Among the distinguished mood disorders are depressive disorders (unipolar depression), bipolar disorders, mood disorders caused by general medical complaints, and also mood disorders caused by pharmacological substances.

Among the distinguishing bipolar disorders are bipolar I disorders and bipolar II disorders, in particular seasonal affective disorders, for example.

Compounds of the invention that modulate circadian periodicity may be particularly useful in the treatment of anxiety and depressive disorders caused by CRF secretion damage.

Among the distinguishing depressive disorders are major depressive disorders, dysthymic disorders and other atypical depressive disorders.

Compounds of the present invention that modulate circadian periodicity may be useful in the manufacture of a medicament for treating diseases associated with dependence on abuse substances such as cocaine, morphine, nicotine, ethanol and cannabis.

By inhibiting casein kinase 1 epsilon and / or casein kinase 1 delta, the compounds according to the invention can be used in the manufacture of a medicament, in particular in the manufacture of a medicament for preventing or treating diseases associated with hyperphosphorylation of tau protein, in particular Alzheimer's disease. have.
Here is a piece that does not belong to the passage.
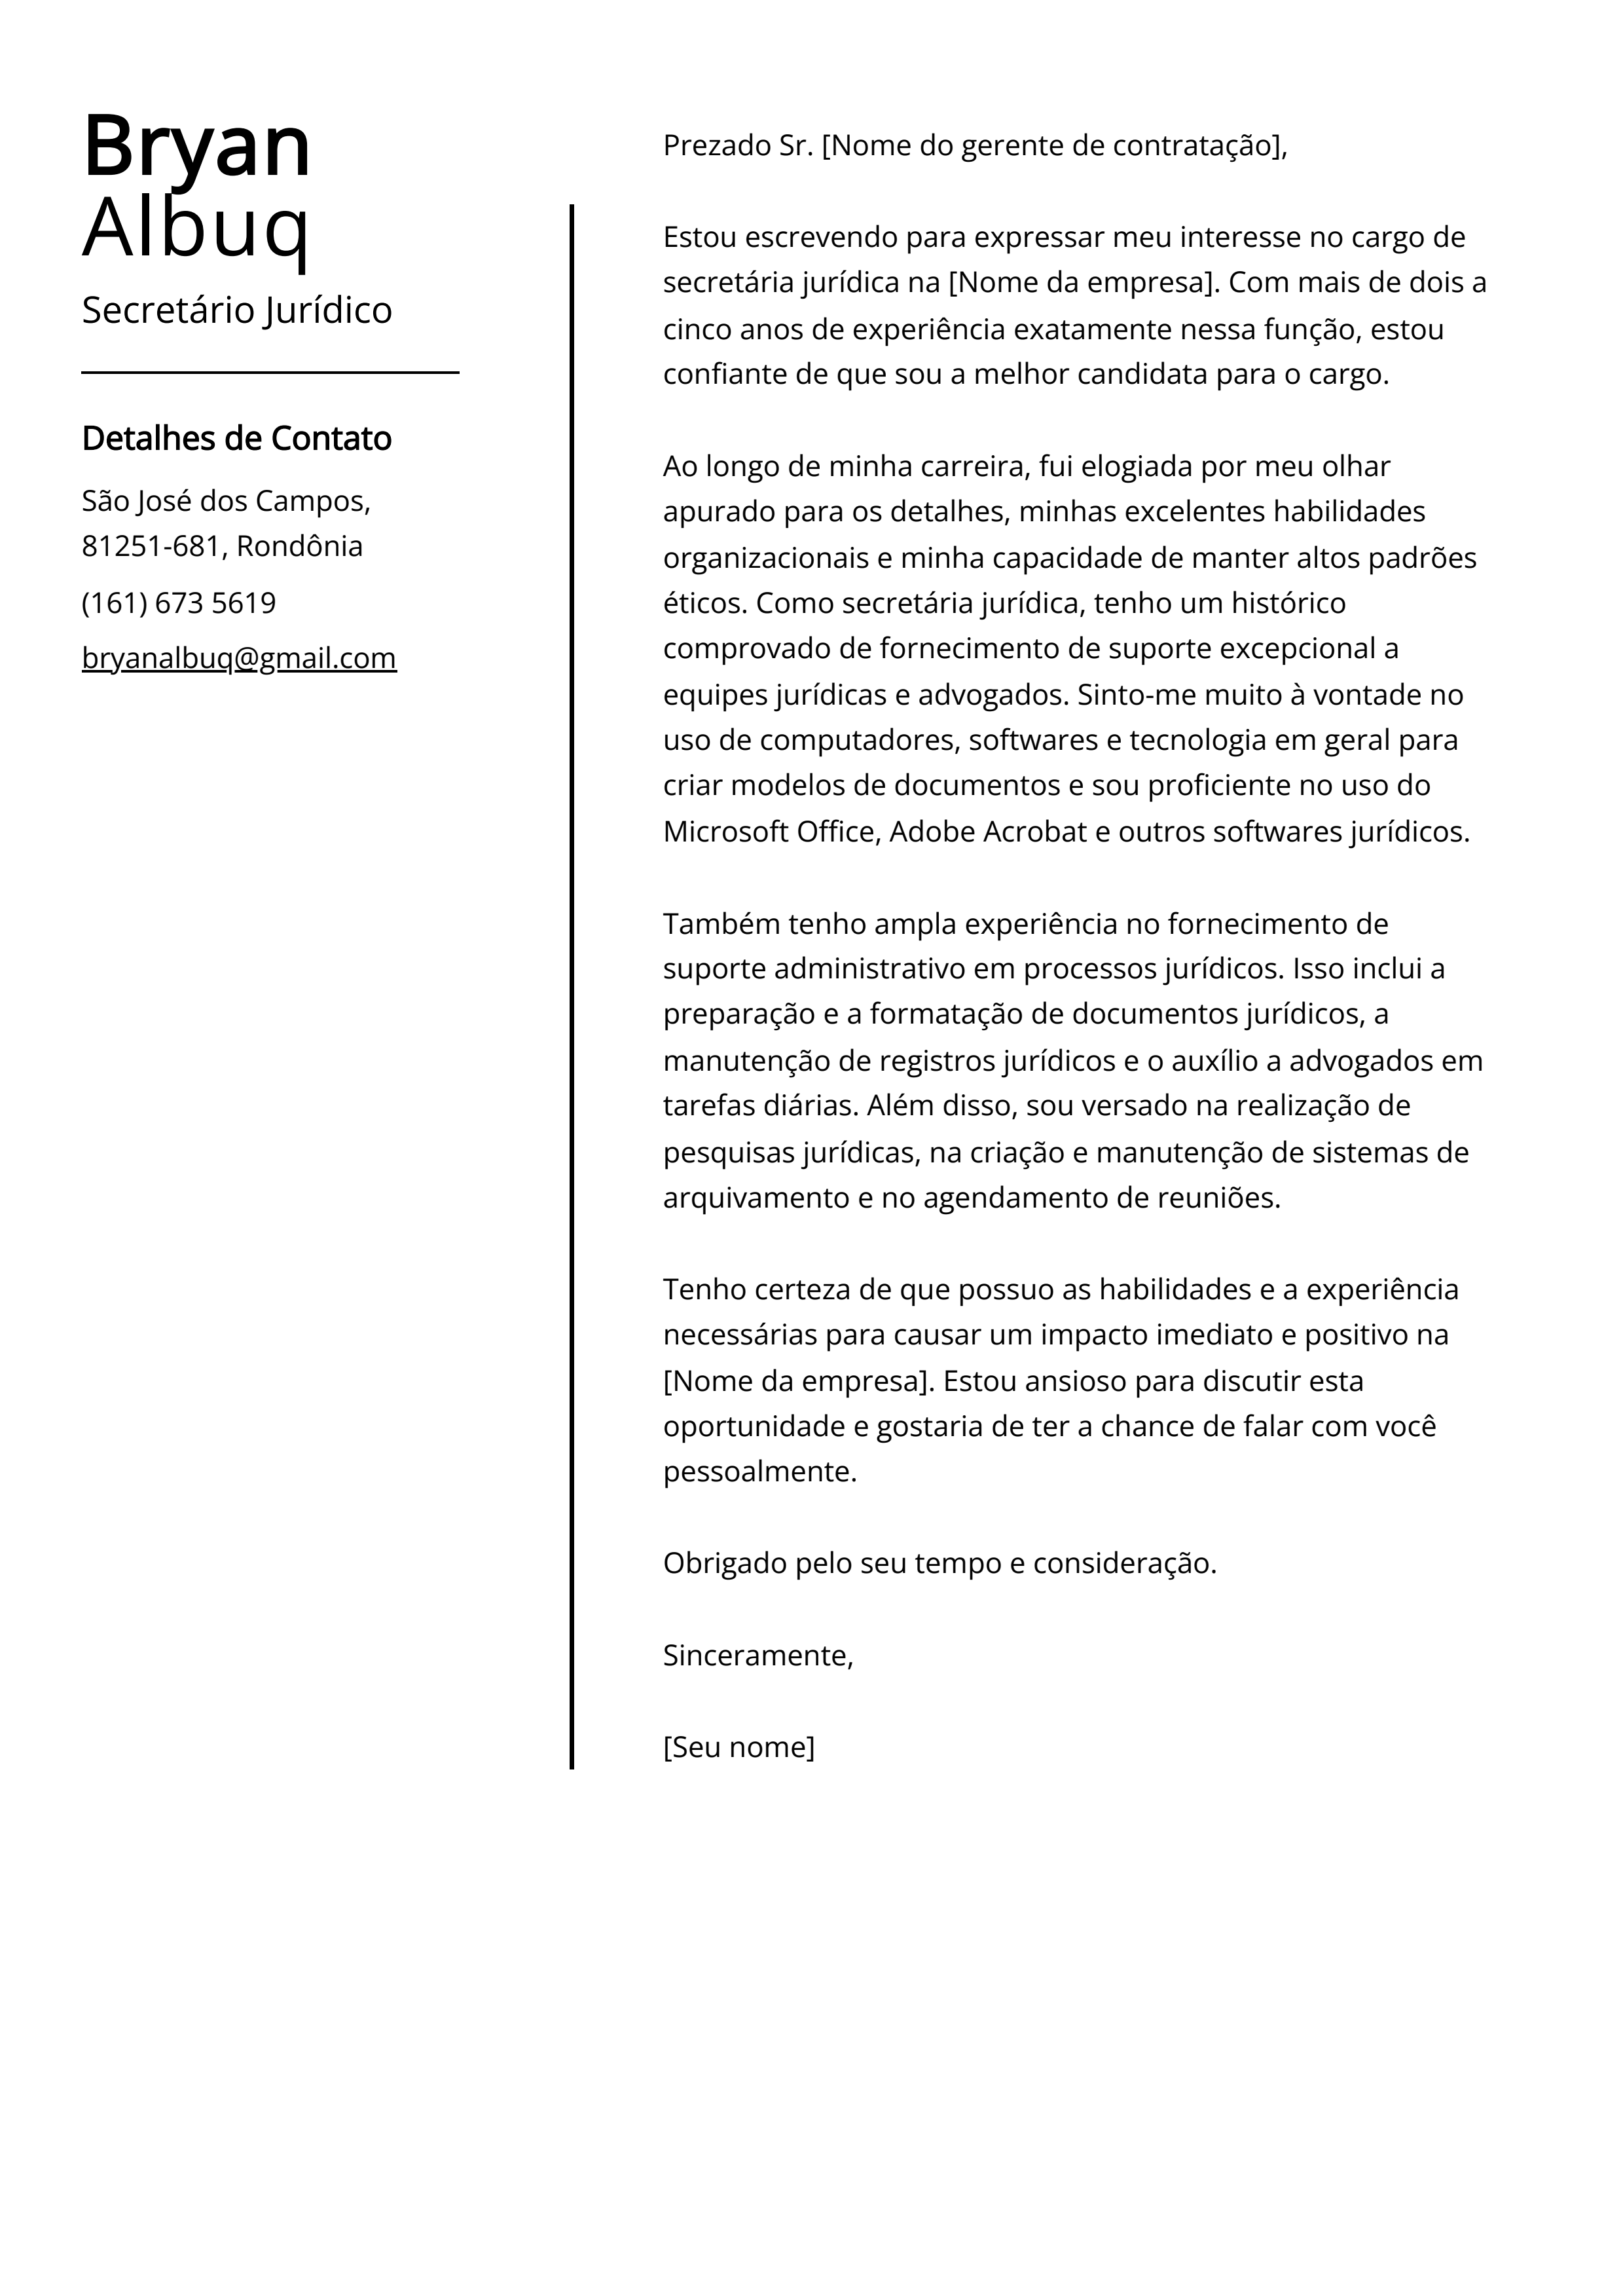 Exemplo de carta de apresentação do Secretário Jurídico

Such medicaments are also used in therapy, in particular for the treatment or prevention of diseases caused or exacerbated by cell proliferation, in particular tumor cell proliferation.

As tumor cell proliferation inhibitors, these compounds are flowable tumors such as leukemia, solid tumors of both primary and metastatic, carcinoma and cancer, in particular: breast cancer; Lung cancer; Small bowel cancer and colorectal cancer; Cancer, oropharyngeal and hypopharyngeal cancers of the respiratory path; Esophageal cancer; Liver cancer, stomach cancer, bile duct cancer, gallbladder cancer, pancreatic cancer; Urinary tract cancers such as kidney cancer, urinary tract cancer and bladder cancer; Female genital cancers such as uterine cancer, cervical cancer, ovarian cancer, chorionic carcinoma and trophoblastic tumors; Male germline cancers such as prostate cancer, seminal vesicle cancer, testicular cancer and germ cell tumors; Endocrine gland cancers such as thyroid cancer, pituitary cancer and adrenal cancer; Skin cancers such as hemangiomas, melanoma and sarcomas such as Kaposi's sarcoma; Brain tumors, nerve tumors, eye tumors, or meningococcal tumors such as astrocytoma, glioma, glioblastoma, retinoblastoma, schwannoma, neuroblastoma, schwannomas and meningiomas; Malignant hematopoietic tumors; Leukemia (acute lymphocytic leukemia (ALL), acute myeloid leukemia (AML), chronic myeloid leukemia (CML), chronic lymphocytic leukemia (CLL)) melanoma, plasmacytoma, T or B cell leukemia, Hodgkin's or non-homologous It is useful for the prevention and treatment of Keukin's lymphoma, myeloma and various malignant hemopathies.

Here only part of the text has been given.